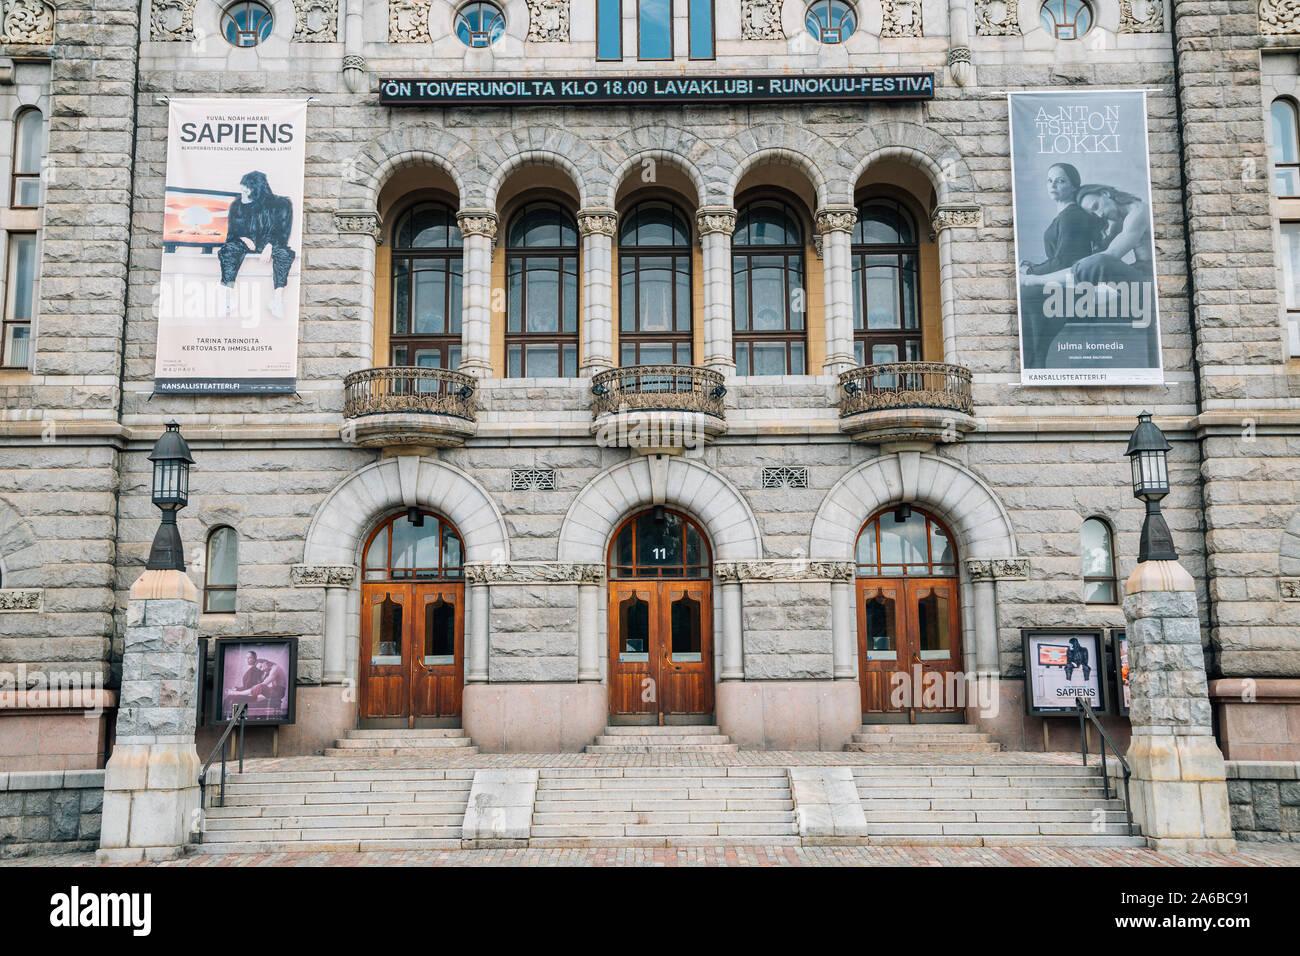 Helsinki, Finland - August 15, 2019 : Finnish National Theatre, Suomen Kansallisteatteri Stock Photo
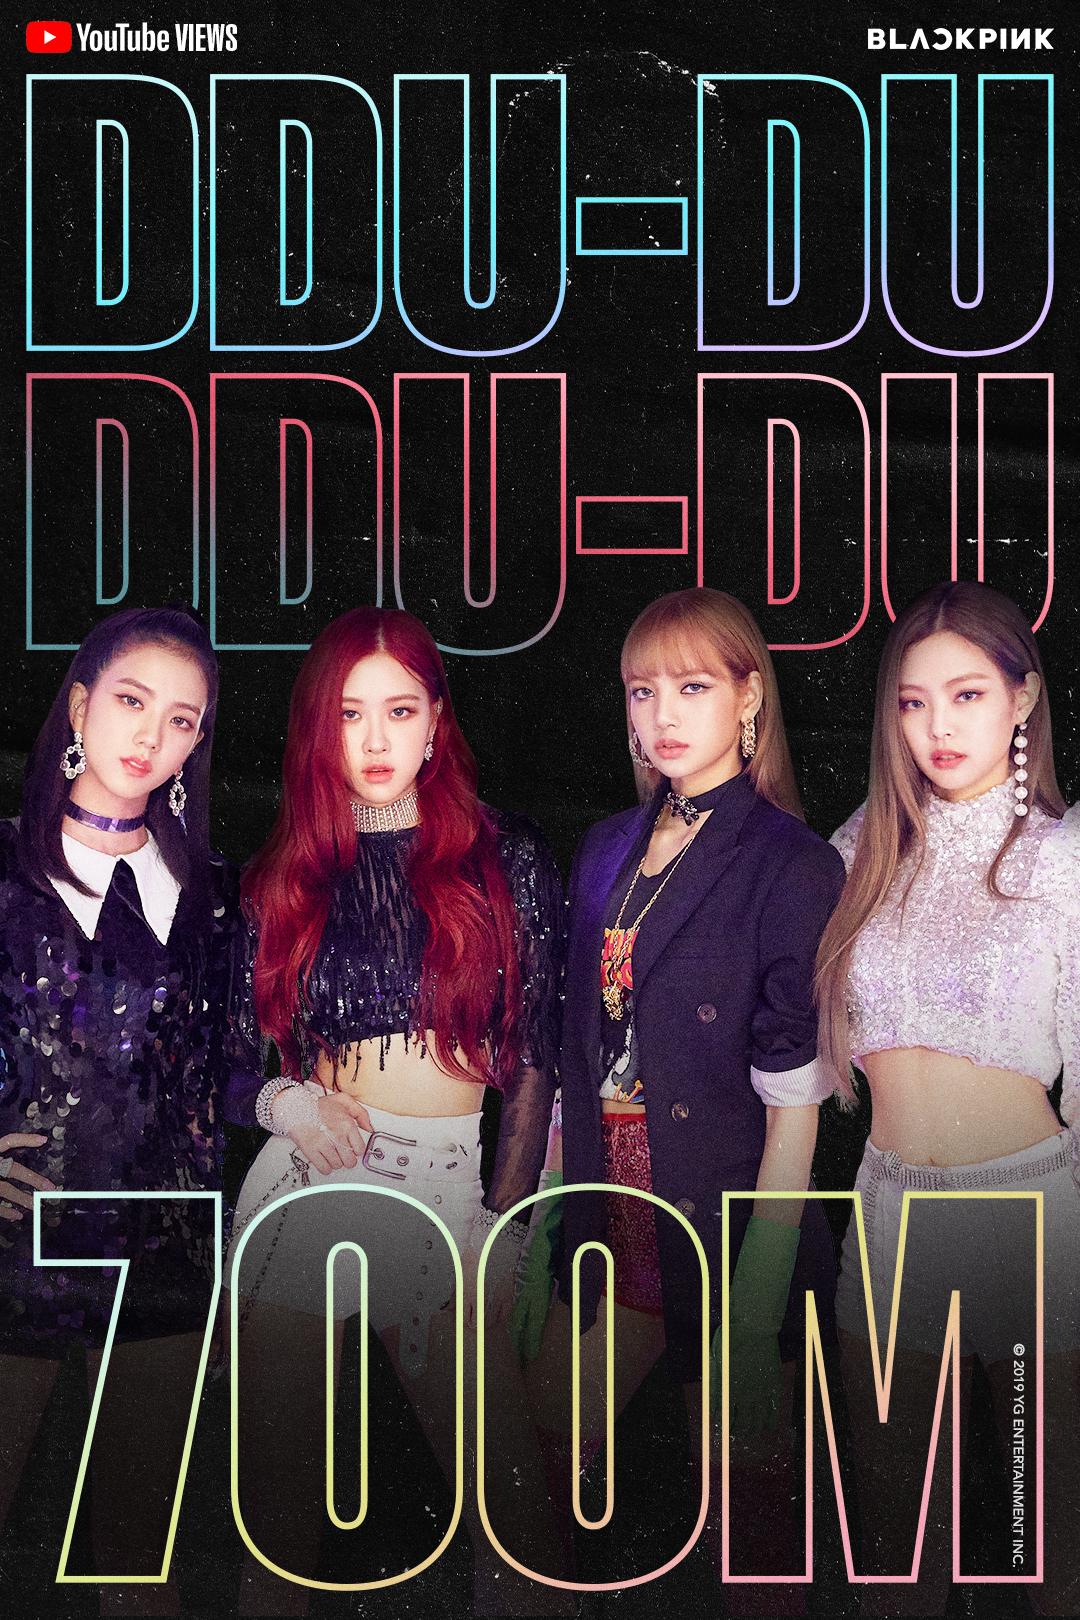 BP_DDUDU_700M
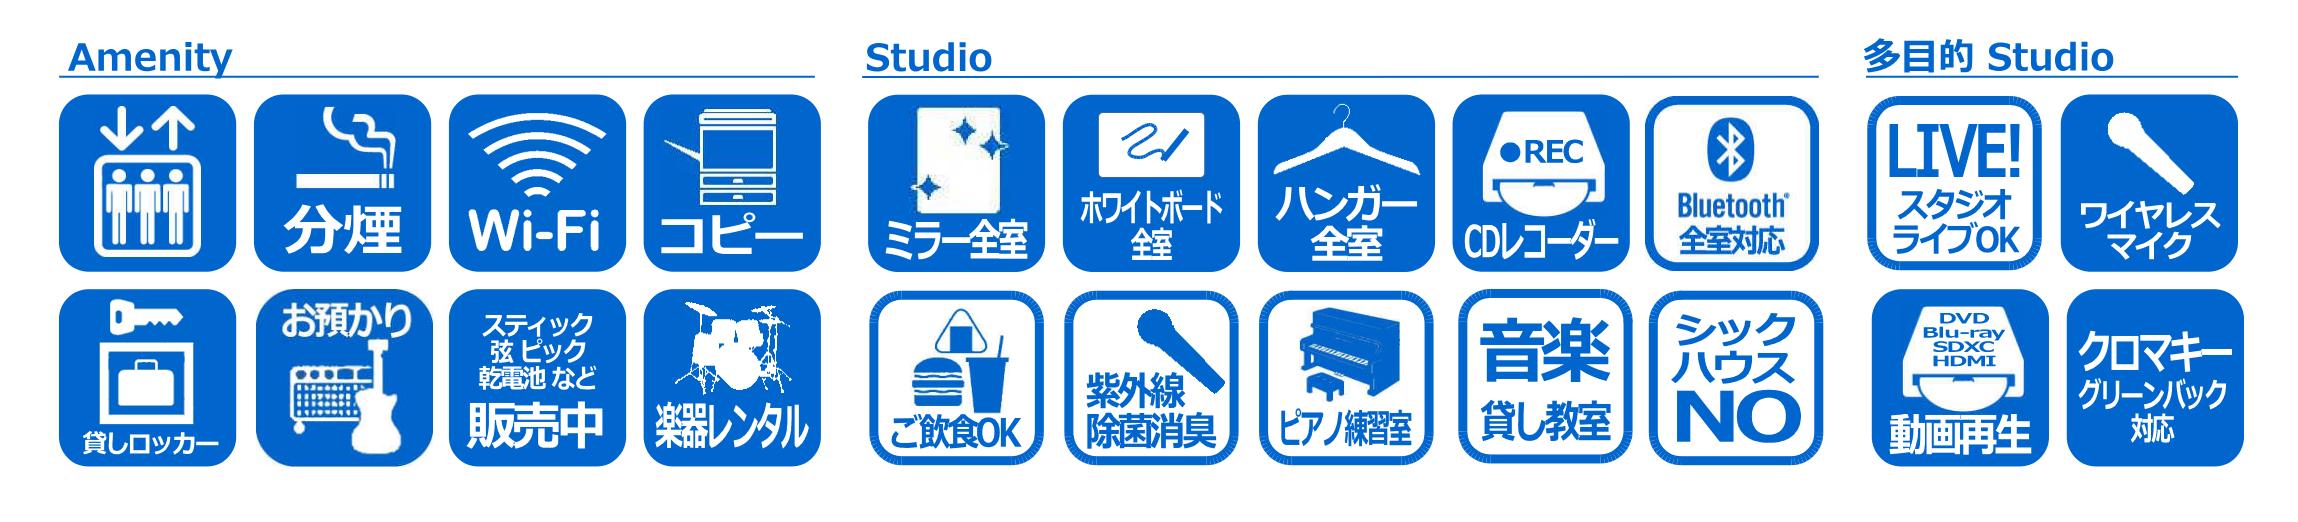 音楽天国・京都河原町店店のアメニティ
━━━━━━━━━━━━━━━━━━━━
Exercise: Omit the pictures, then give all the lines above again exactly.

Solution:
 Helsinki, Finland - August 15, 2019 : Finnish National Theatre, Suomen Kansallisteatteri Stock Photo
 BP_DDUDU_700M
 音楽天国・京都河原町店店のアメニティ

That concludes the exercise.